- [WORK INSTRUCTIONS]: The answer is the line containing "Mai Ngô, Quỳnh" plus every line after it to the end of the material, retyped exactly and without the pictures.

- [INFORMATION SUPPLIED]:
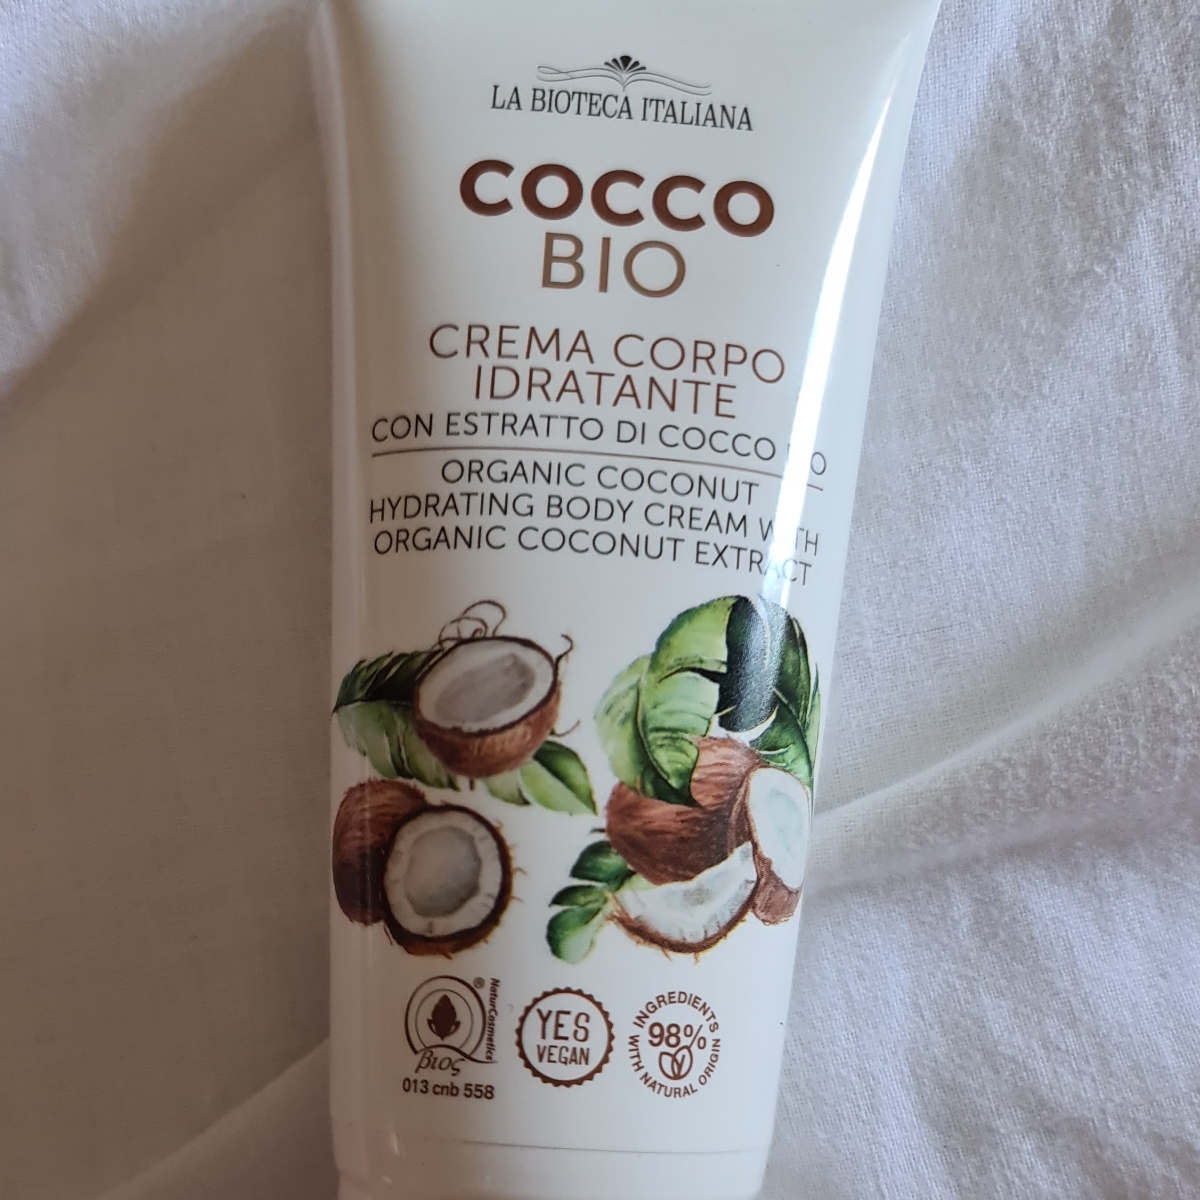 la bottega italiana Crema corpo idratante con cocco bio Review | abillion
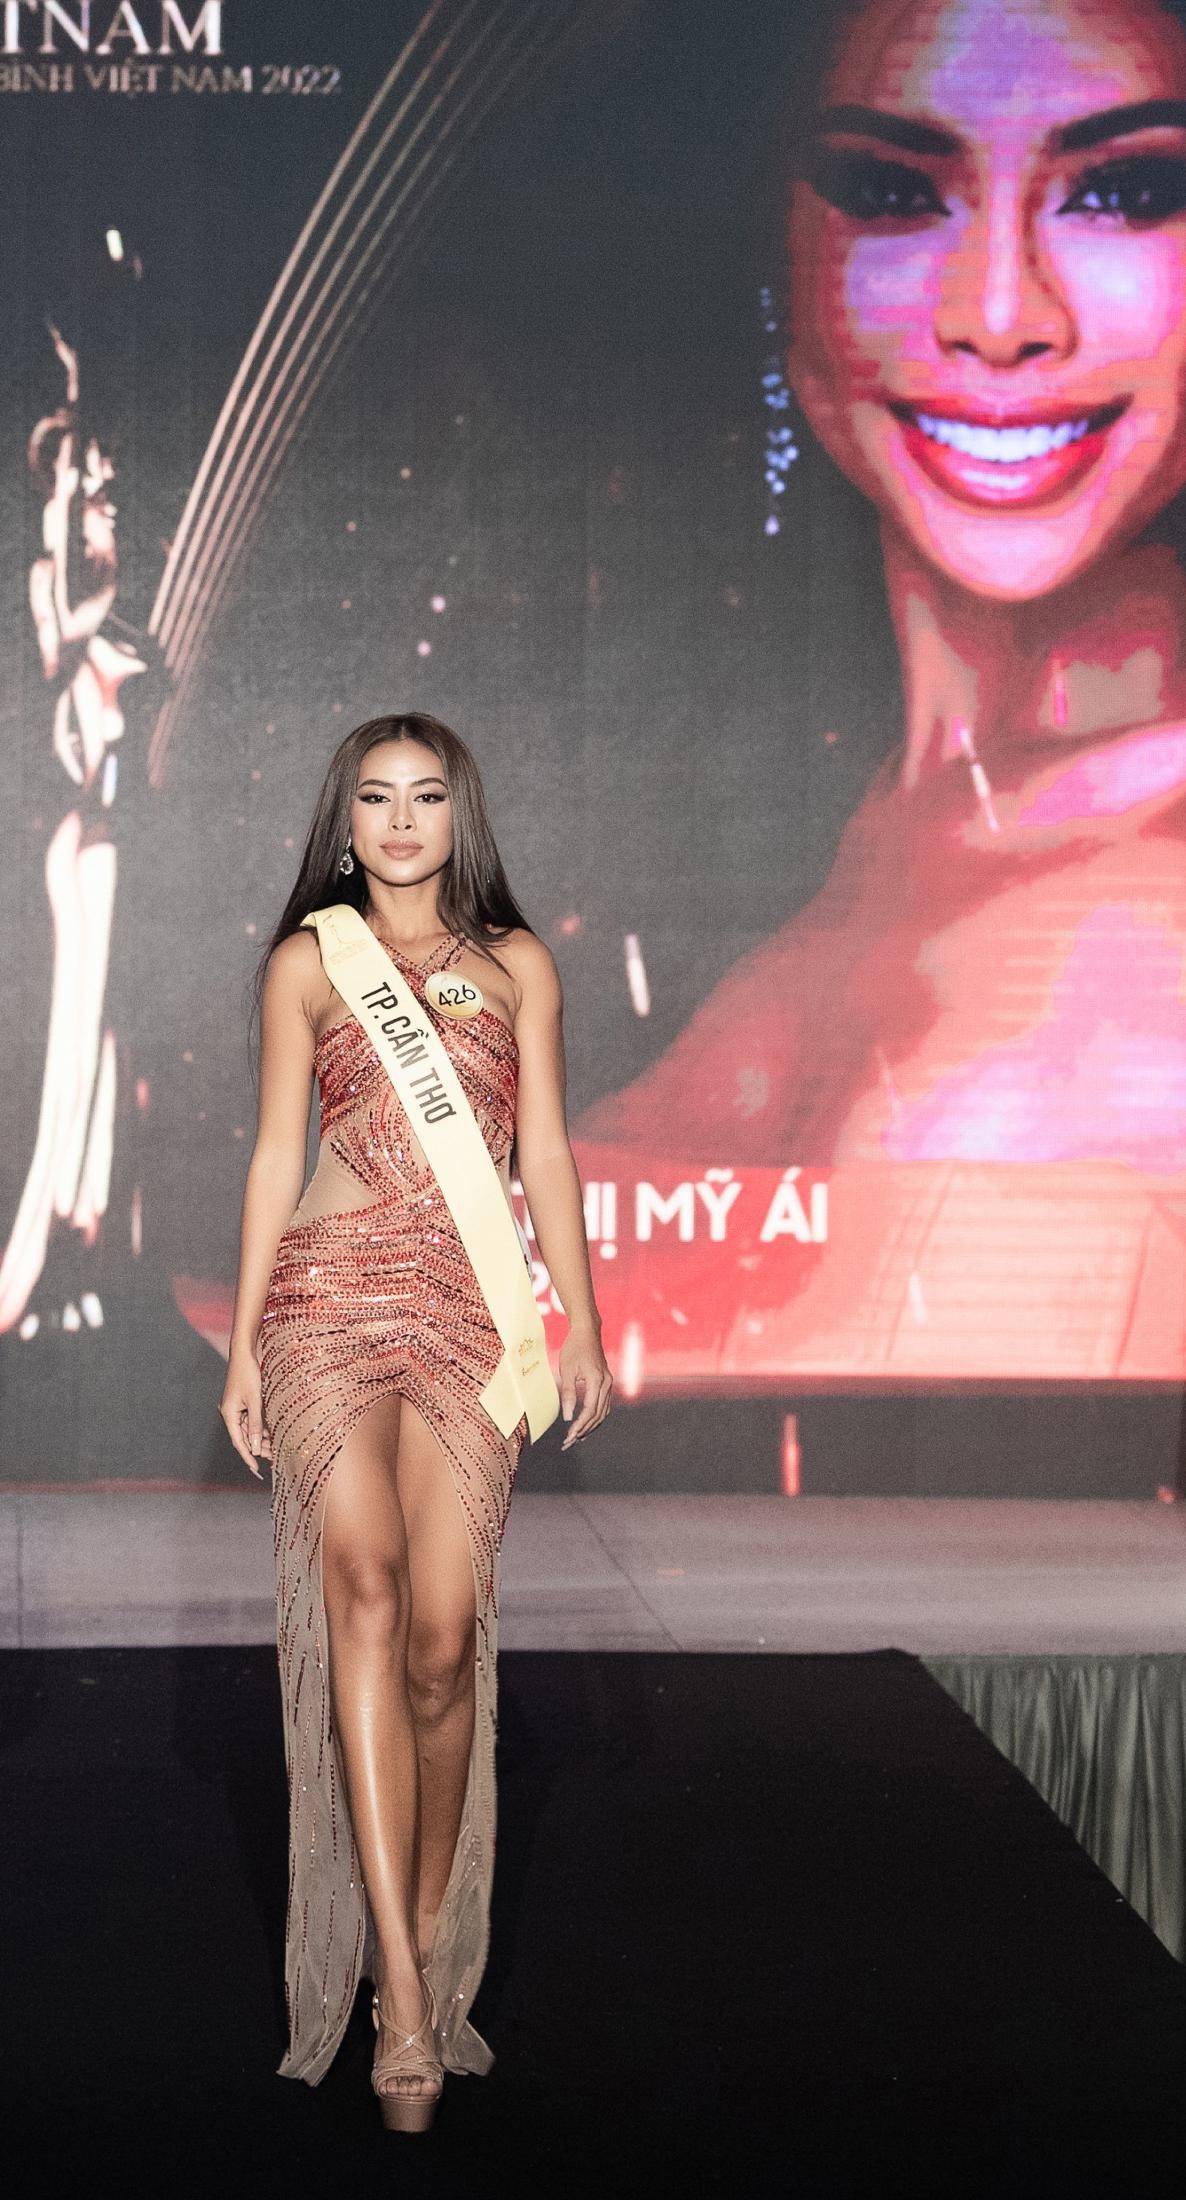 Mai Ngô, Quỳnh Châu tung chiêu catwalk độc đáo tại lễ nhận sash của Miss Grand Vietnam 2022-7
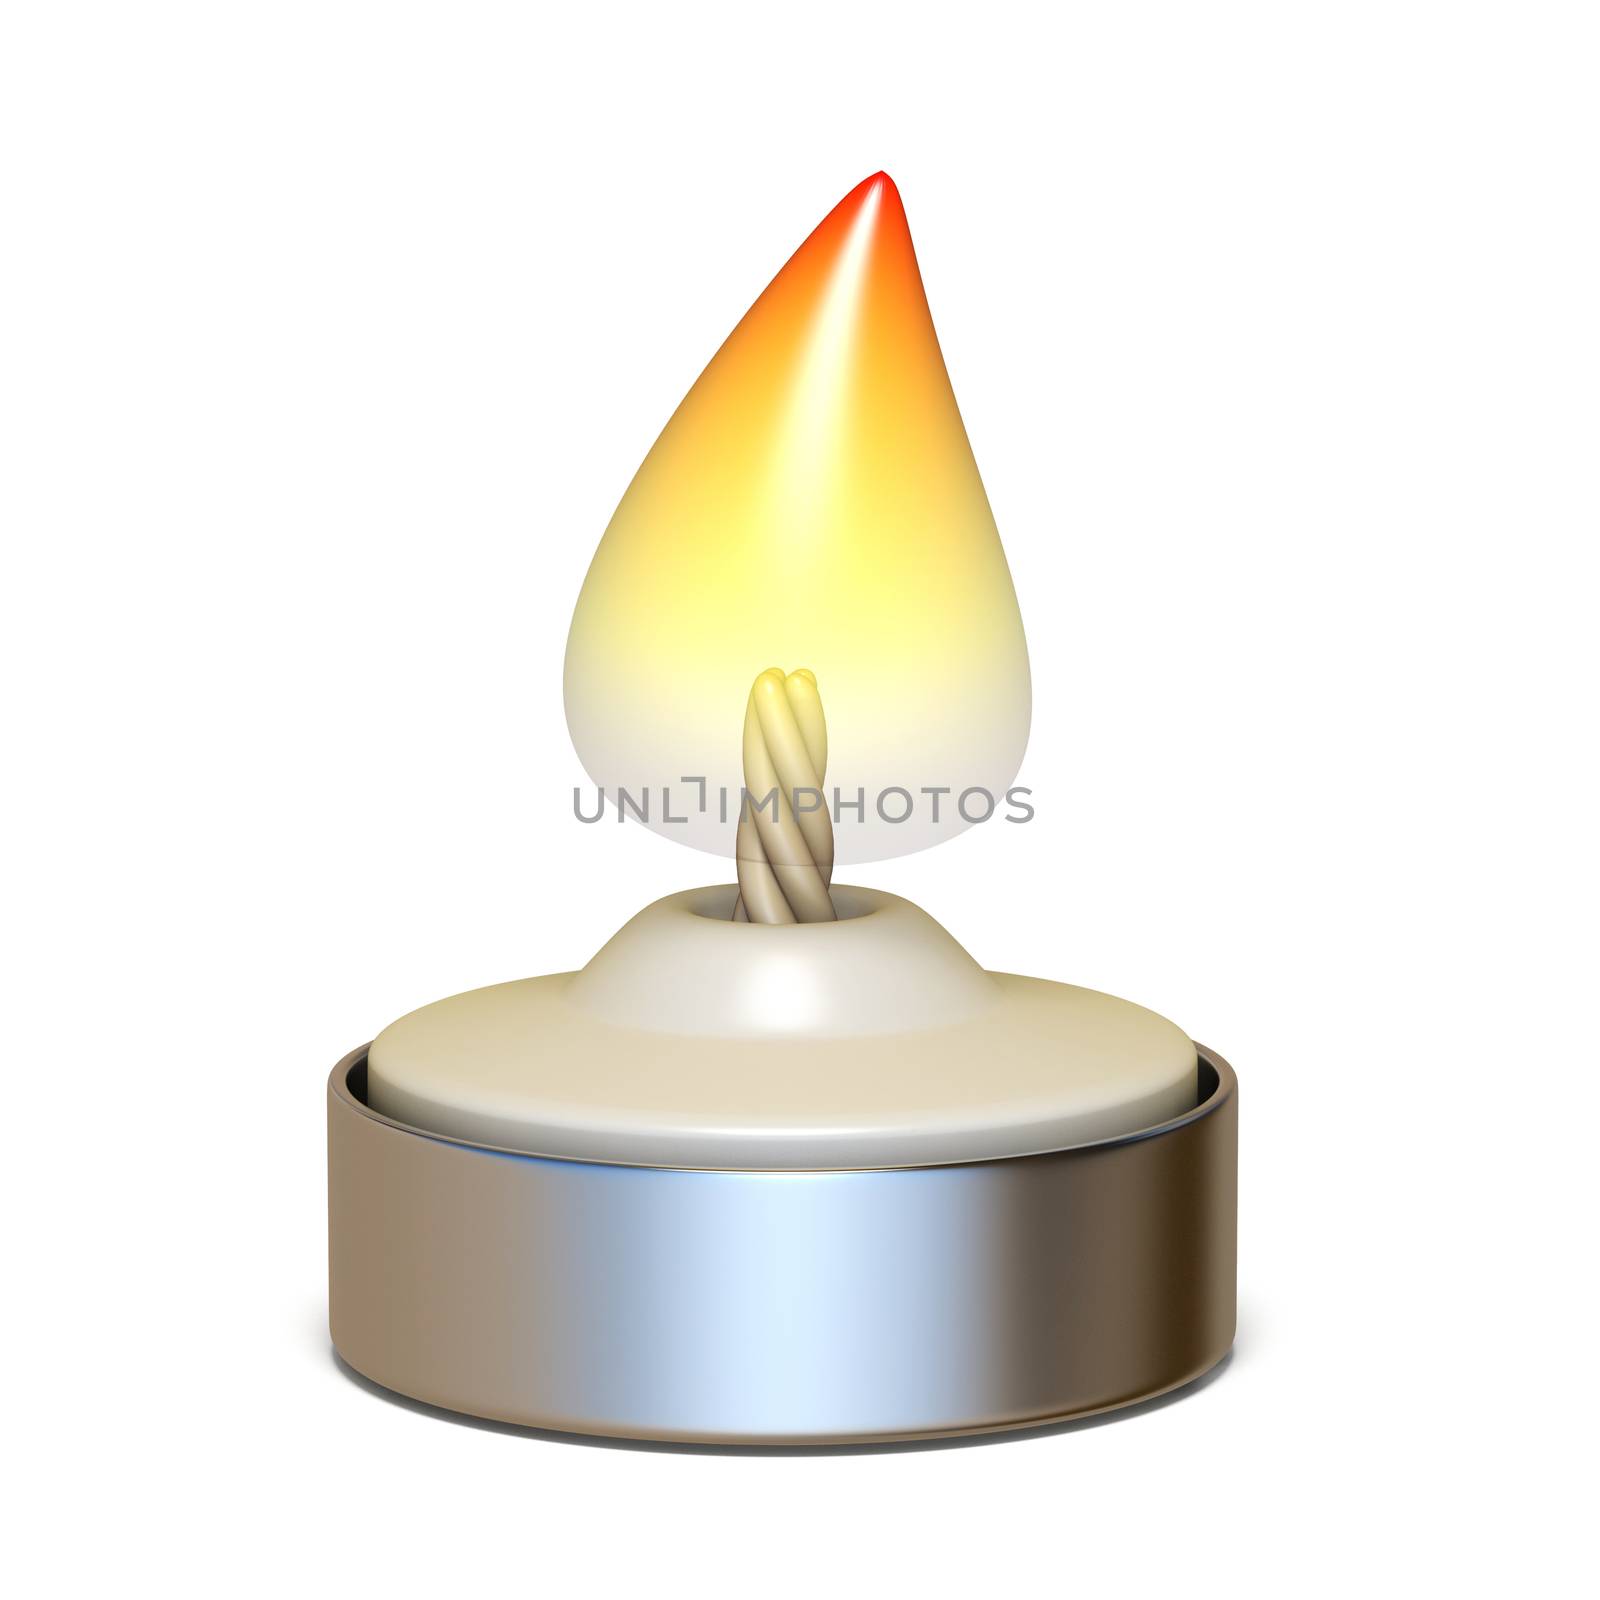 Burning candlelight 3D render illustration isolated on white background
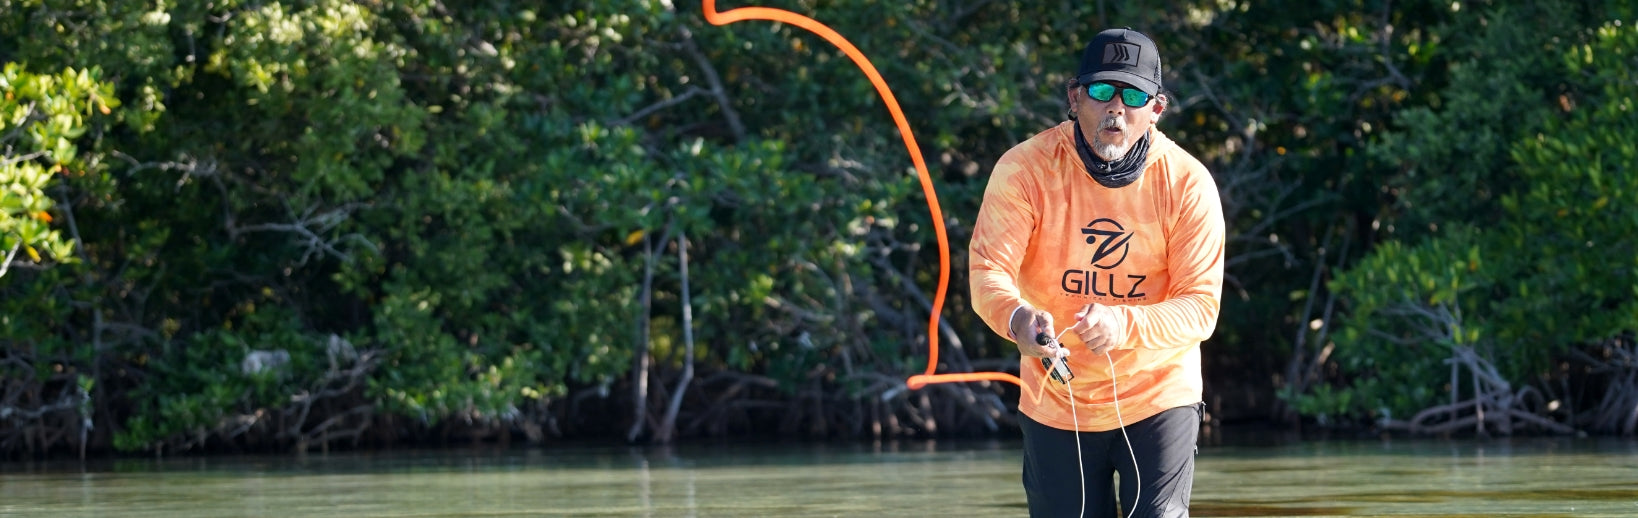 Man In Orange Shirt Fishing

- [RESPONSE]:
 Mai Ngô, Quỳnh Châu tung chiêu catwalk độc đáo tại lễ nhận sash của Miss Grand Vietnam 2022-7
 Burning candlelight 3D render illustration isolated on white background
 Man In Orange Shirt Fishing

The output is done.